Sometimes just acknowledging how absorbed you’ve been in your computer is enough to ease the hurt feelings of those around you. A simple “thank you” goes a long way. I’ve got no problem telling friends and family, “I’m sorry I’ve been so absent lately” when we get together. I make sure they know that making time away from the computer with them is a priority for me. Few people outside my writing world understand the level of dedication it takes, and they shouldn’t have to. Thank you goes a long way towards understanding and forgiveness.


For anyone who uses the computer or Internet as a creative outlet, it’s important to remember that unplugging is the best way to get inspiration.  What is better inspiration for an artist than a gorgeous summer day spent on the lake with some friends? As a writer, it’s great to unplug, head to a bar, and observe what’s going on around me. You need to unplug and feed your creative spirit.

We love you; we love your dedication to our site and our community. We appreciate every minute you spend reading here but even we want you to unplug and go enjoy life. Get out there, bitches, and take the world by storm…then be sure to come back here and tell us all about it.

Image Credit: Shutterstock

Julie Zantopoulos

Julie Zantopoulos

Julie is Vice President and Editor-in-Chief of The Indie Chicks. She's working on publishing her first book, a collection of short stories, and writing a young adult novel series. Other loves include whiskey, the Flyers, and anything LOTR, Harry Potter, or Young Adult Lit. Don't be shy about following her on Instagram or emailing her to discuss contributing to The Indie Chicks.

  1. Oh boy, this article speaks volumes to me. I try to use a journal as my creative outlet just so I can be completely unplugged from technology (plus I still love using pen and paper). I’m in total agreeance with you that as a writer especially, I need to get out and experience in order to get inspired. I’ve been scheduling more and more time away from my computer and phone for many of the reasons you posted above. Awesome article.

    1. I love pen and paper as well. Most of what I write I do in long hand first, it just feels more authentic and connected. It’s hard for me to truly unplug. I feel like I HAVE to check email and site comments but I’m getting better at walking away and enjoying some serious unplugged time…and I’m glad you are, too.

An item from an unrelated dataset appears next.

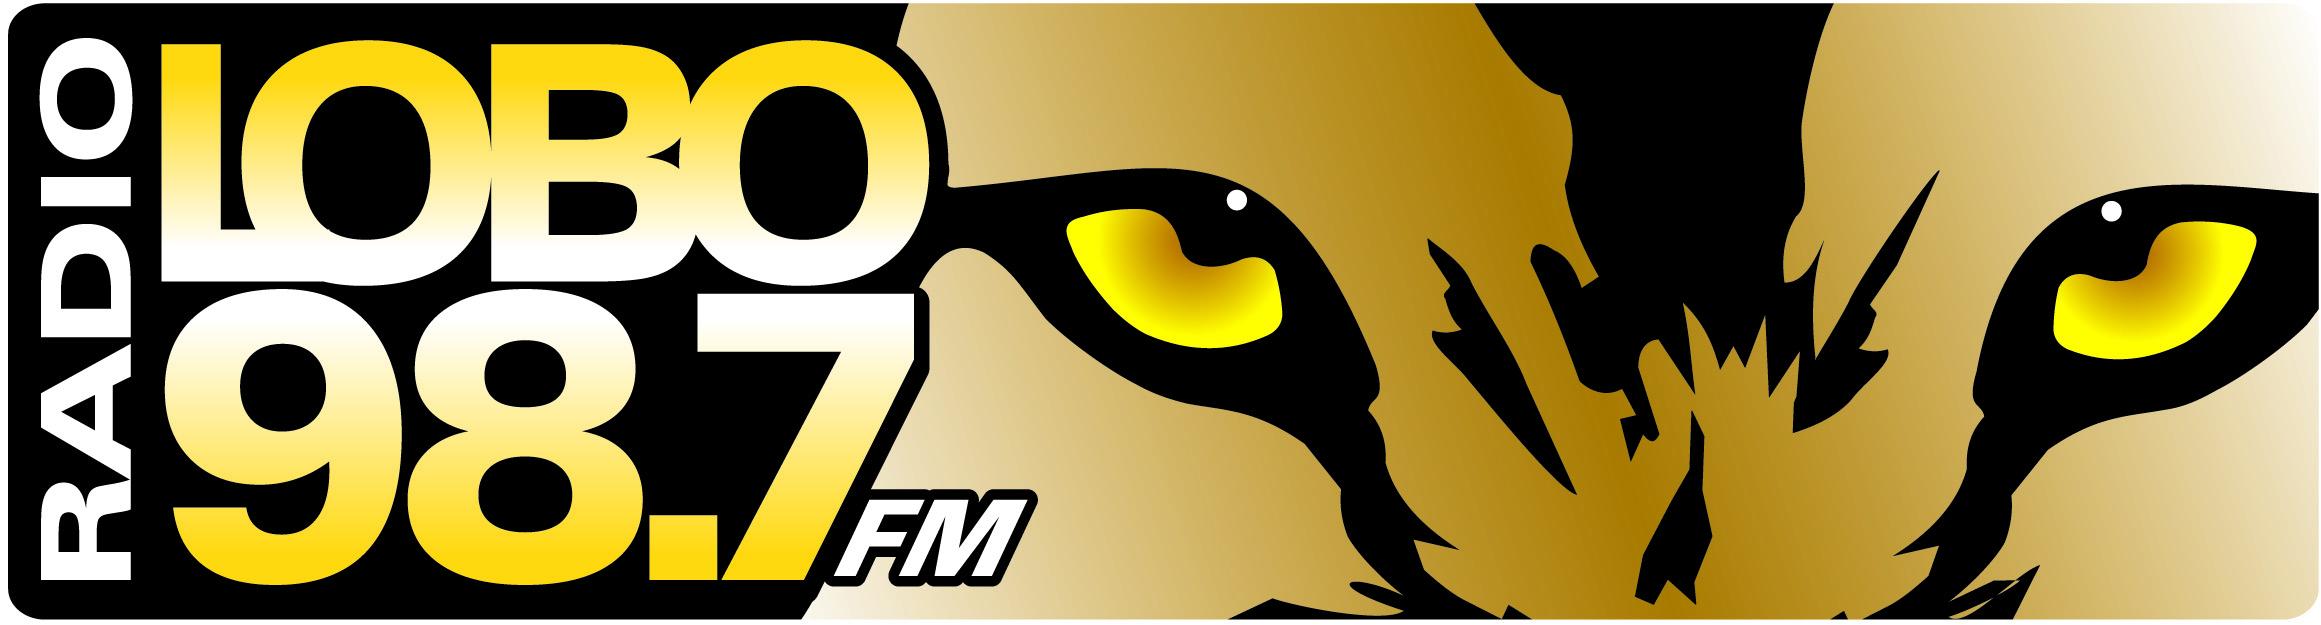 Radio Lobo 98.7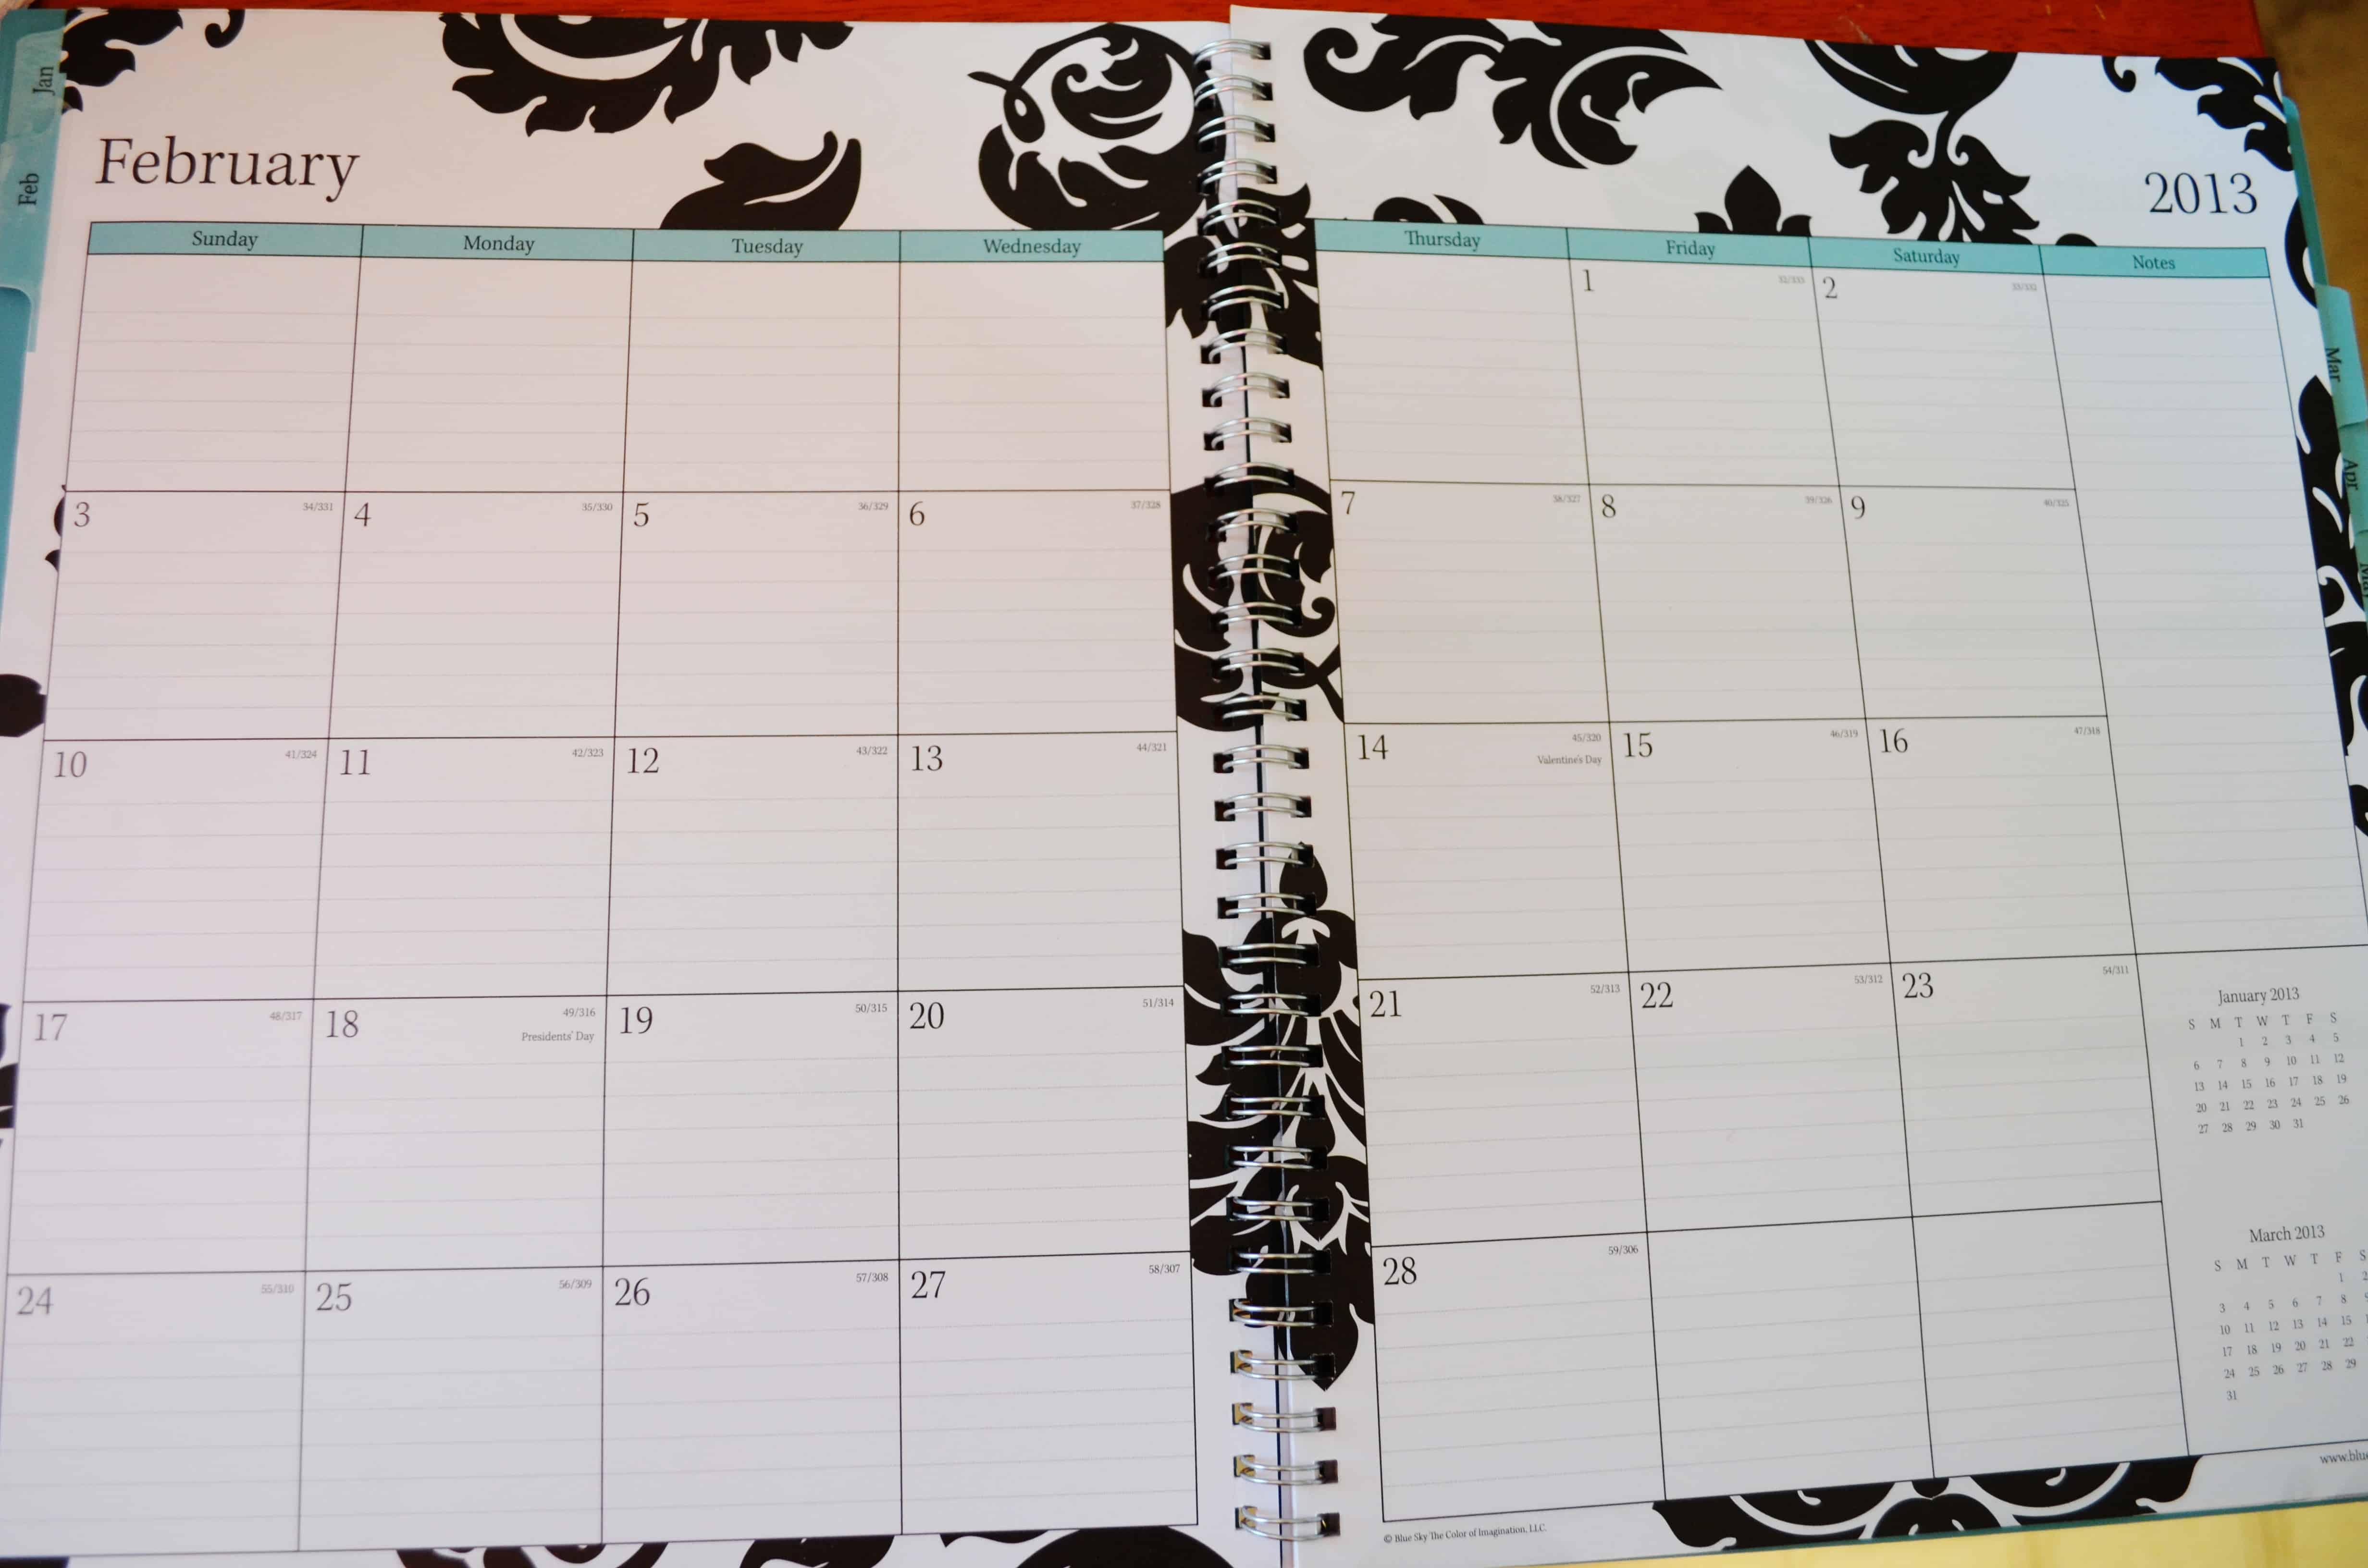 Calendar Planner Notebook : Tips for buying an organizational planner surviving a

  2. As a blogger, I agree completely that unplugging (and engaging with the world — not via social media) is the best way to get creative inspiration. I find for example that although I love checking out adorable images and funny videos of dogs on the internet (who doesn’t?), it is really when I walk my own dogs and chat with neighbors along the way that I get the best ideas for my blog. So much so that sometimes I make a beeline for my notepad when we get home. :)
    I don’t remember who did but someone wrote that sometimes as bloggers/writers, we spend so much time reading online material that we end up being in the so-called ‘echo chamber’, talking/blogging about the same things and in the same way, and a great deal of originality is lost.

    1. Without time spent in the real world getting ideas of your own and not just reacting or responding to other things that you’ve read gets harder and harder to do. I have a recent addiction to YouTube…I could watch for hours…it’s a real problem. lol

  3. I used to have problems unplugging but now with two kids pulling on my arms I don’t really have a choice. And, of course, spending time with them is more important than checking my FB feed (not that I don’t do a little of that during naptime).